SWIFT and the Boston Consulting group release new information paper on evolving cybersecurity threats in India
In recent years, the financial community in the Indian subcontinent has fallen victim to substantial wire frauds. External and internal malicious actors have successfully compromised the operating environment of the banks, stealing or misusing SWIFT operator credentials, executing fraudulent transactions and obfuscating the attacks. In response, the Reserve Bank of India has introduced strict operating controls, imposing fines in cases of non-compliance, and continues to audit and monitor SWIFT channel operations. The threat of cyberattacks on banks and their critical channel infrastructure, including SWIFT, is persistent and increasingly sophisticated.
The new information paper provides a summary of recent SWIFT threat intelligence, explaining the recent evolutions of cyber threats and the patterns financial institutions can use to improve their transaction monitoring. It also describes key developments in the SWIFT Customer Security Programme (CSP), including:
- the Customer Security Control Framework (CSCF) v2019, which will uplift the controls required in the operating environment of SWIFT users;
- the Payments Control Service (PCS), a zero-footprint, in-network screening utility which offers a last line of defence in the event your operating environment is compromised;
- quality and timely data for reconciliation to enable timely detection and response to active attacks; and
- SWIFT messaging infrastructure features to strengthen multi-factor authentication and integration with enterprise authentication systems.
The report also includes BCG analysis of RBI data setting the scene of an increasingly digital industry put under pressure by cybersecurity.
Along with an aggressive regulatory agenda, pressing demands from domestic consumers, and continuing competition from incumbents and new home grown & foreign entrants have set a fast-paced roadmap for digitisation in financial services. While short and medium term challenges remain, digitisation will be a key enabler for India to achieve its forecasted 7.6% GDP growth in 2019-20 FY, putting it ahead of its BRICS counterparts.

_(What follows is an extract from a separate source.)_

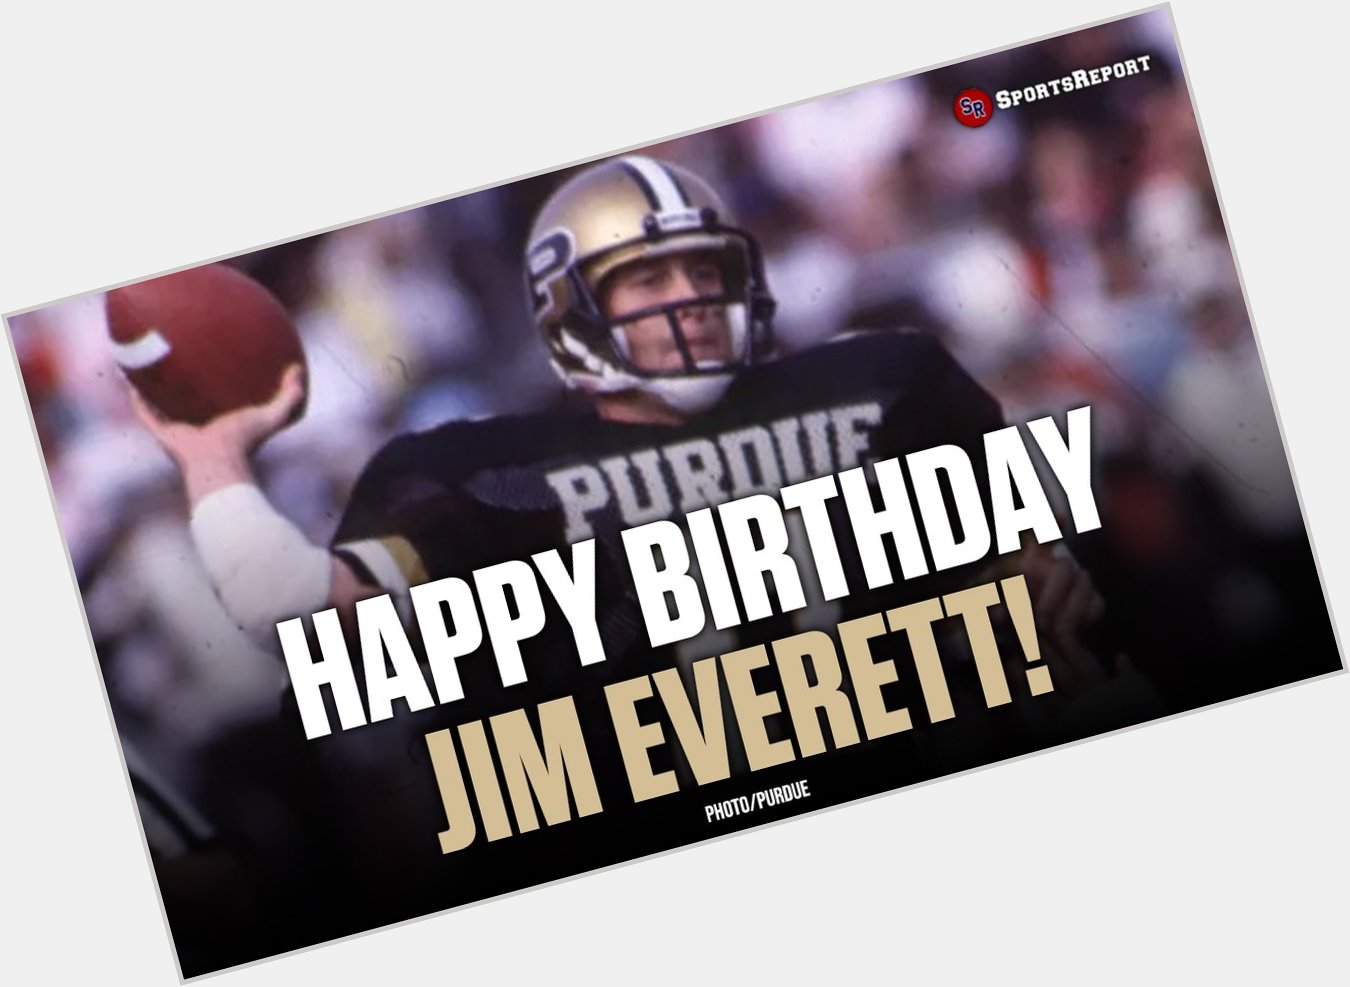  Fans, let\s wish Legend Jim Everett a Happy Birthday!

Cybersecurity poses a significant threat to this roadmap. IT and operations executives at financial institutions should instil a culture and discipline of security while mindfully enabling the enterprise with new digital capabilities to combat looming threats. SWIFT is committed to supporting our community in responding to persistent threats targeting our community in the Indian subcontinent and globally.
As cyberattacks are growing more complex and sophisticated, financial institutions must remain ahead of the curve and have adequate cybersecurity processes in place. In this context, information sharing is critical: the more information the community will be able to share, the better prepared the industry will be to face new attacks.